To solve the problem of finding the intensity at specified distances from the source, let's use the formula for intensity $I$ of a wave emitted isotropically by a point source:

$I = \frac{P}{4\pi r^2}$

Where:

• $I$ is the intensity (in W/m²),
• $P$ is the power of the source (1.7 W in this case),
• $r$ is the distance from the source (1.0 m for part (a) and 2.8 m for part (b)).

Solution:

Part (a): At $r = 1.0 \, \text{m}$

$I = \frac{1.7}{4 \pi (1.0)^2}$ $I = \frac{1.7}{4 \pi} \approx \frac{1.7}{12.566} \approx 0.1353 \, \text{W/m}^2$

Part (b): At $r = 2.8 \, \text{m}$

$I = \frac{1.7}{4 \pi (2.8)^2}$ $I = \frac{1.7}{4 \pi (7.84)} \approx \frac{1.7}{98.491} \approx 0.0173 \, \text{W/m}^2$

Final Answers:

(a) $I = 0.1353 \, \text{W/m}^2$
(b) $I = 0.0173 \, \text{W/m}^2$

Let me know if you need further details or explanations!

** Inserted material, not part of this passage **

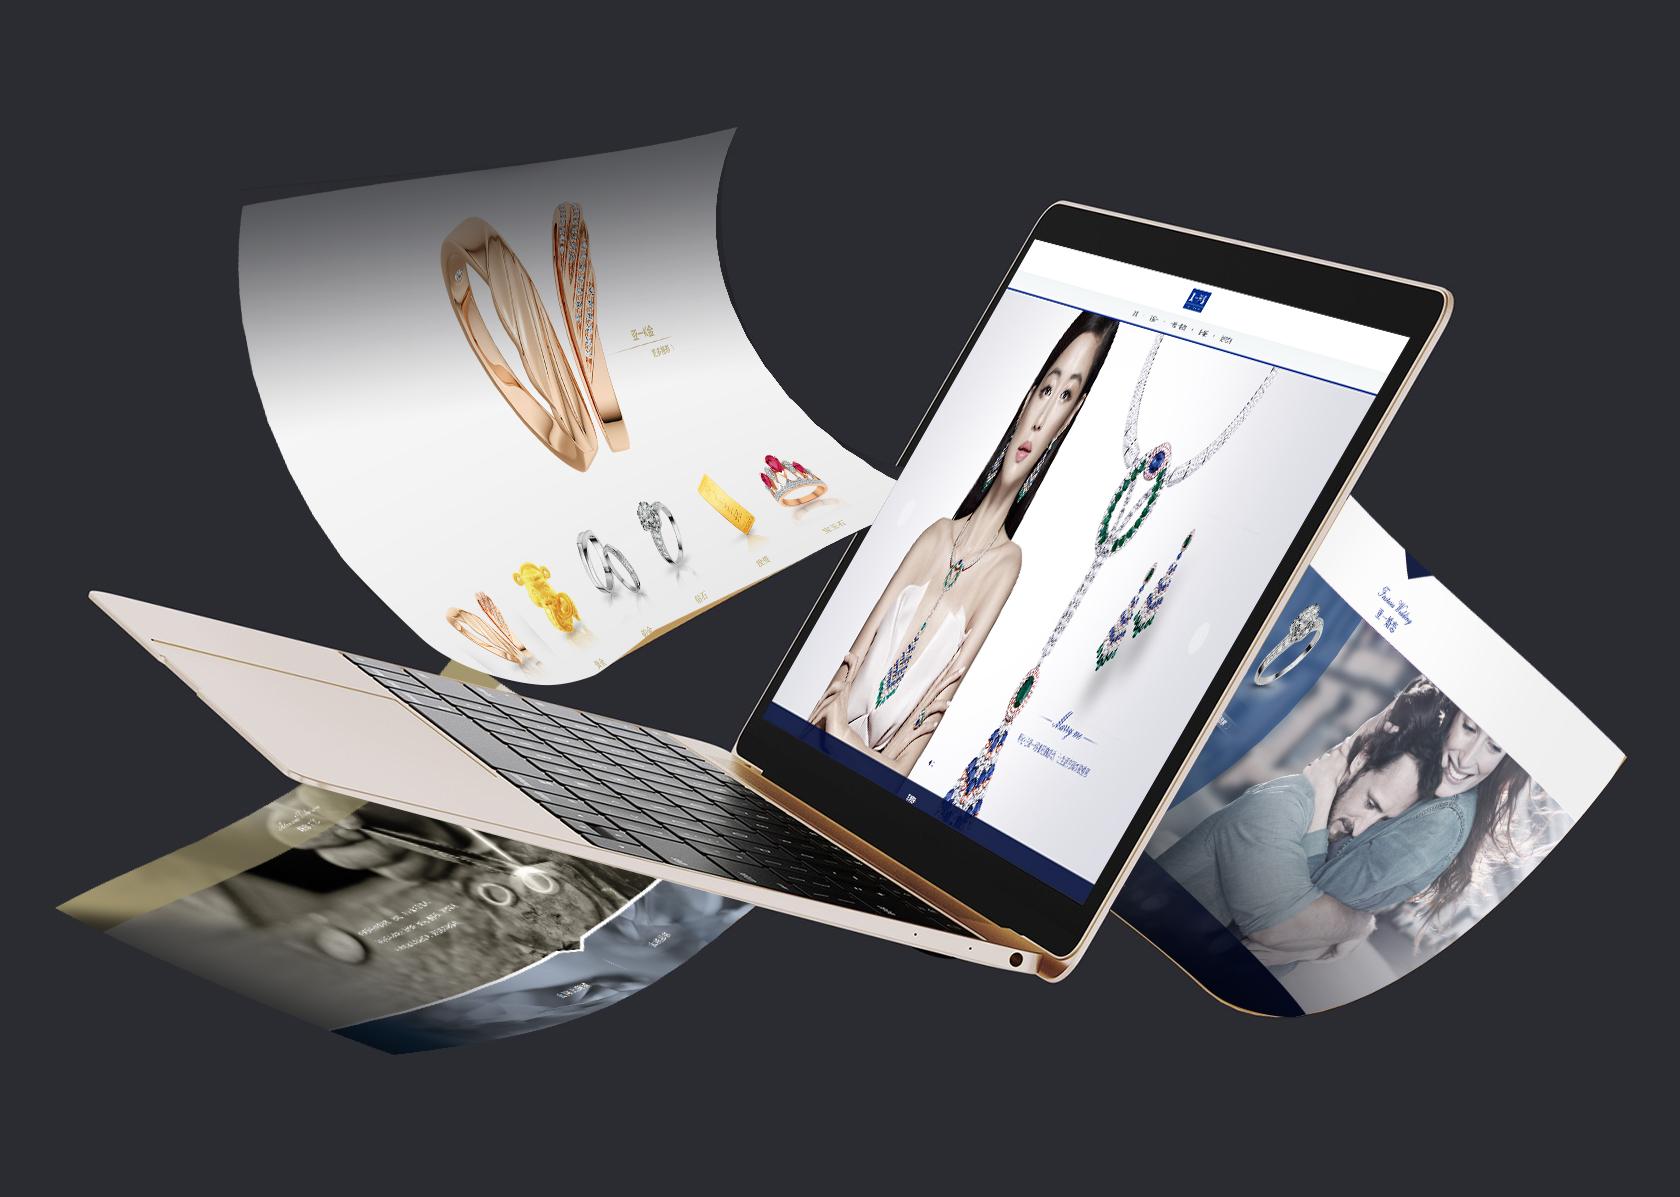 亚一珠宝品牌官网 品牌官网设计 | 班田互动

Additional Questions for Practice:

1. How does the intensity change if the power of the source is doubled?
2. What is the intensity at a distance of 5.0 m from the source?
3. What is the total energy passing through a sphere of radius 2.0 m per second?
4. How does the intensity relate to the inverse-square law?
5. If the medium absorbs some energy, how does the intensity at a point change?

Tip:

Always ensure to square the distance $r$ in intensity calculations, as small errors in this step can significantly affect the result.